LE ROYAUME MINUSCULE

 

 

roman

 

 

Éditions Léo Scheer

 

« Inutile, il échappera aux malheurs. »

Tchouang-Tseu

I

Moi

J’ai l’habitude de m’entendre dire quelque chose à quelqu’un et de penser que ça sonne faux. Ça fait partie de mon quotidien. Je n’y fais presque plus attention. Les gens autour de moi, eux, sonnent juste. Ils disent des choses de la plus haute importance, des choses excessivement drôles, des choses un peu osées, des choses affreusement sincères, des choses tout ce qu’il y a de plus stupides ou des choses chiantes au possible, et ils sonnent juste en les disant. Ils n’ont pas l’air d’y penser. Moi oui. Je me demande vite fait comment énoncer les choses, avant de les laisser dégouliner. En général je me décide pour la mauvaise façon de les dire, les mots qui sortent de ma bouche n’ont pas une texture consistante. Ainsi, j’ai perdu un temps précieux, j’ai gâché ma chance.
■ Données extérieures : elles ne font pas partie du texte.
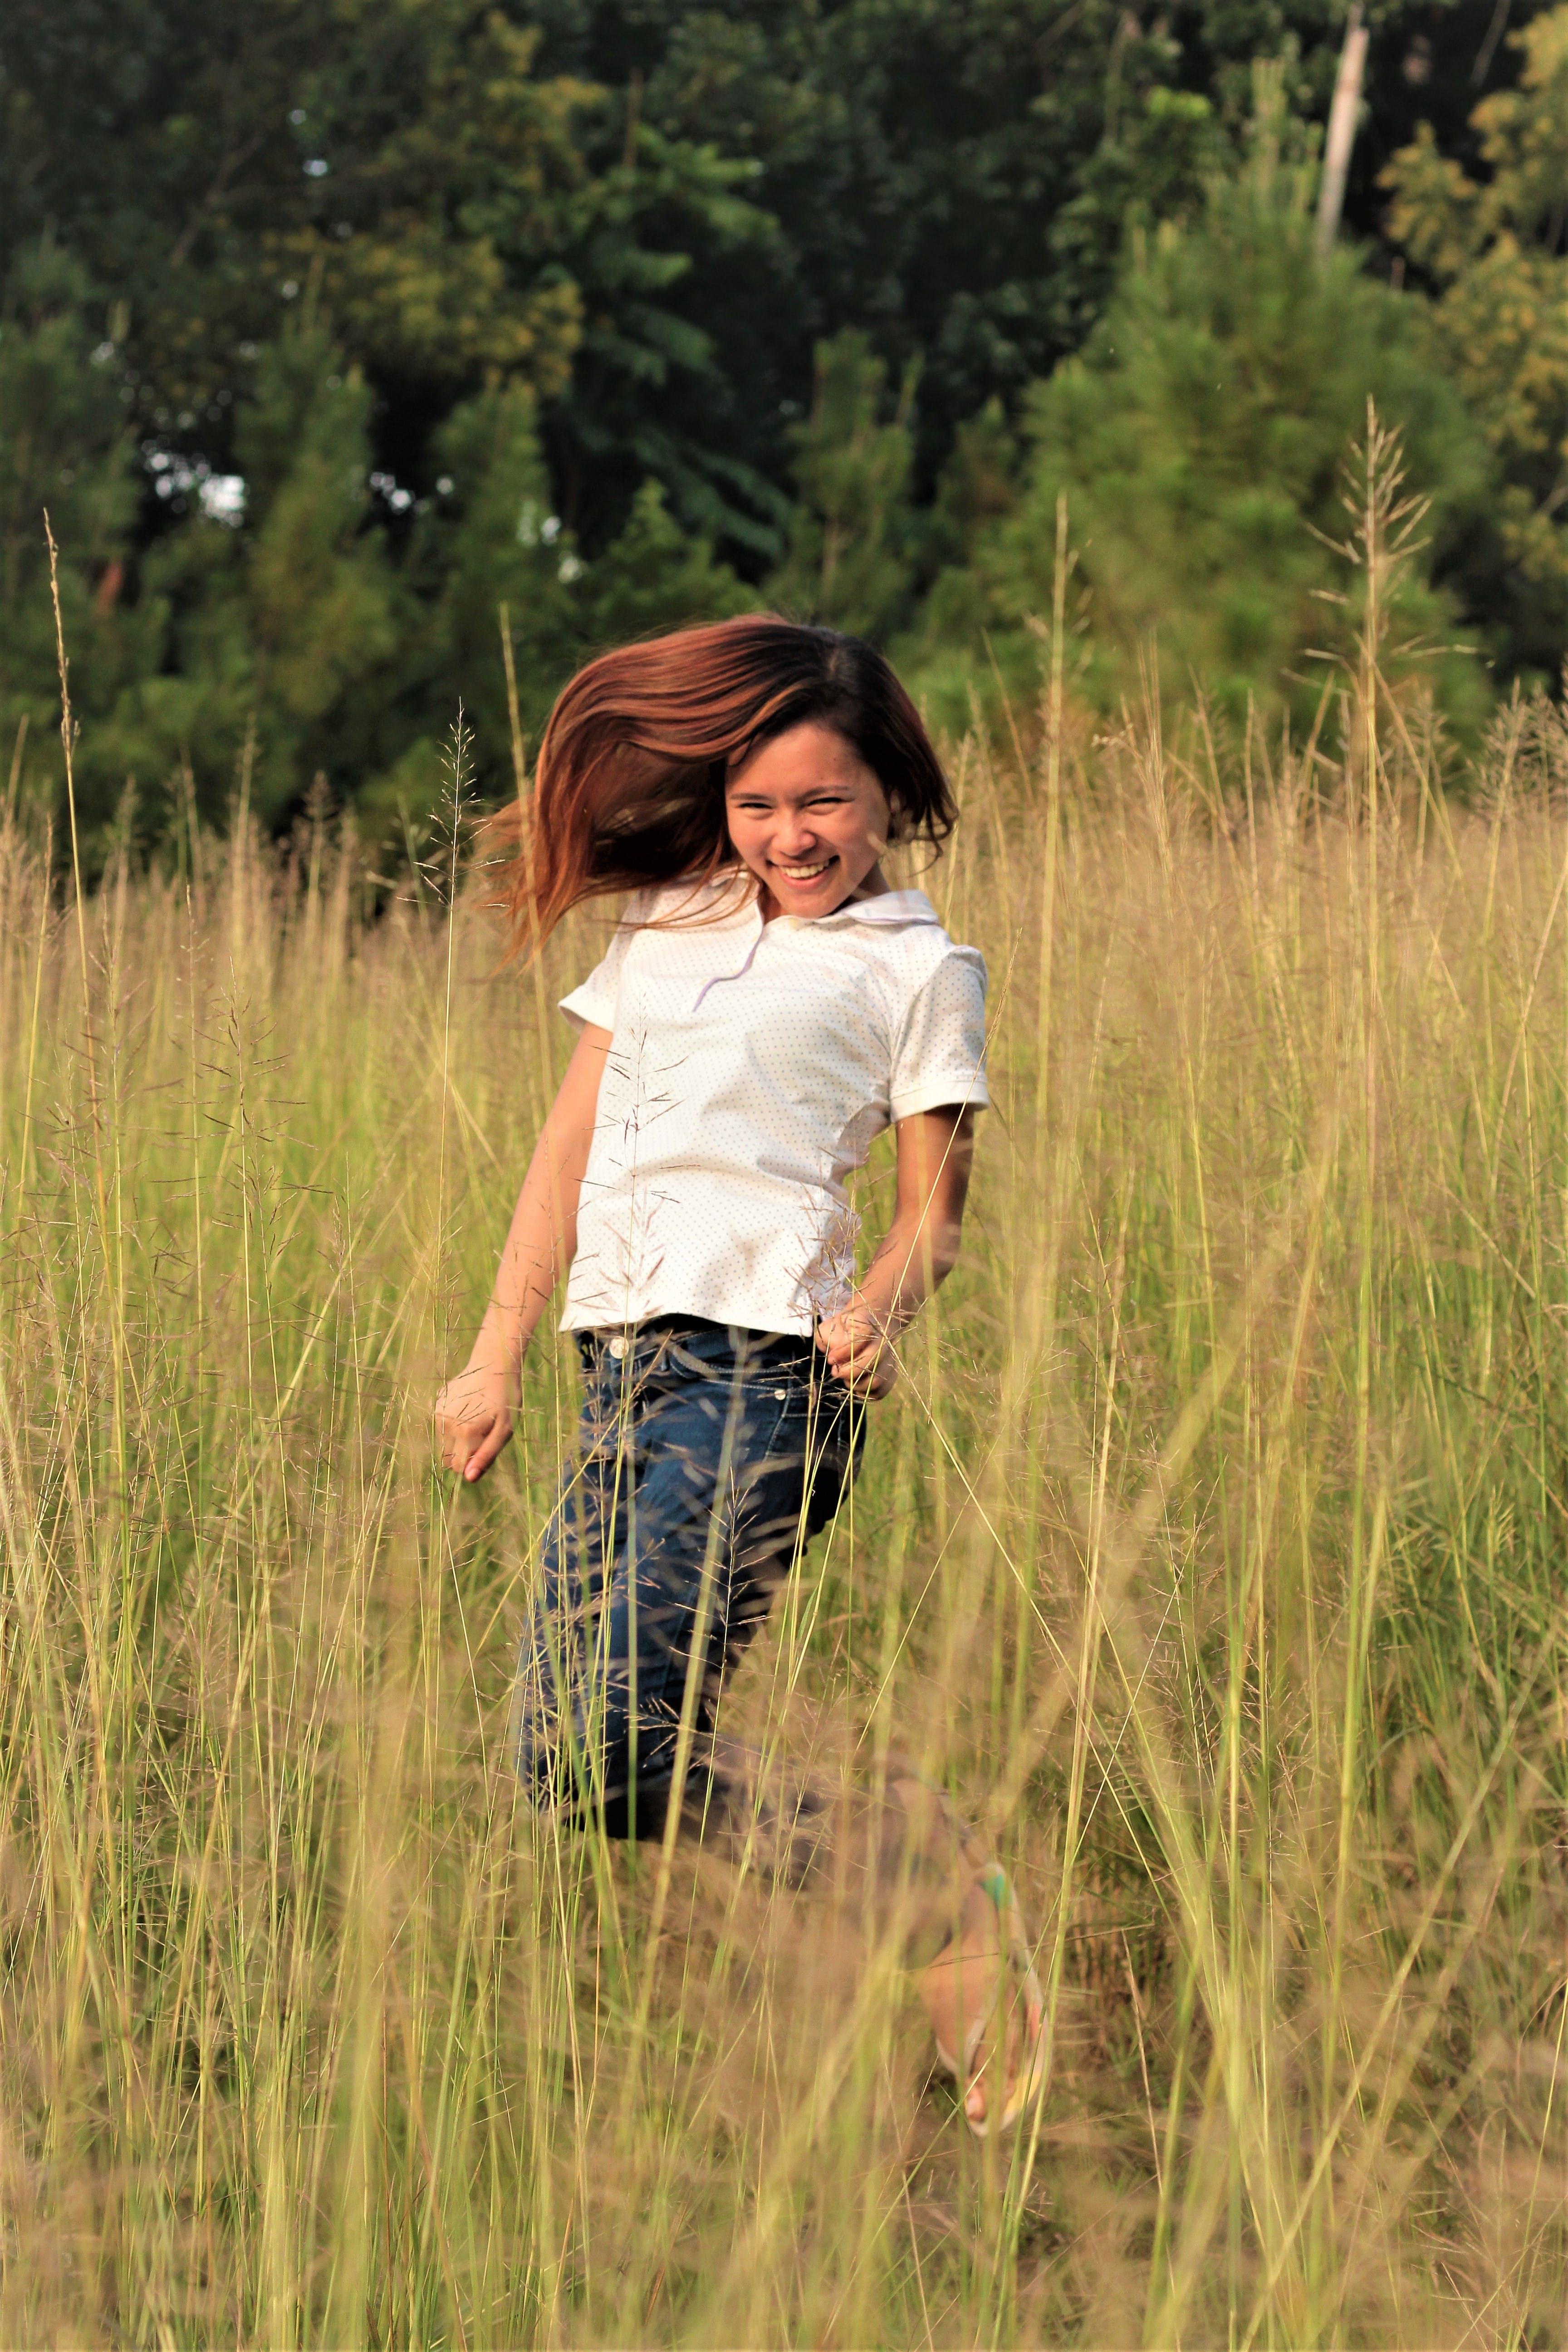 Woman Jumping Between Grass

Dans mon hésitation honteuse, je me suis fatiguée, j’ai fatigué l’autre, et en plus le résultat est minable.

Je crois que mon problème réside dans cette malheureuse évidence que j’ai plusieurs voix mais qu’aucune d’entre elles ne m’appartient.

Je ne décèle jamais la moindre hésitation dans la voix des autres ; les autres n’ont qu’une seule voix à leur disposition. Même s’il s’agit d’une voix aigrelette, la personne a l’avantage d’être propriétaire d’une voix unique, propre, constante, qui se maintient tout au long de sa vie, comme une amie fidèle. Moi, je ne peux pas compter sur ma voix, elle a trop d’acolytes, elle s’éparpille.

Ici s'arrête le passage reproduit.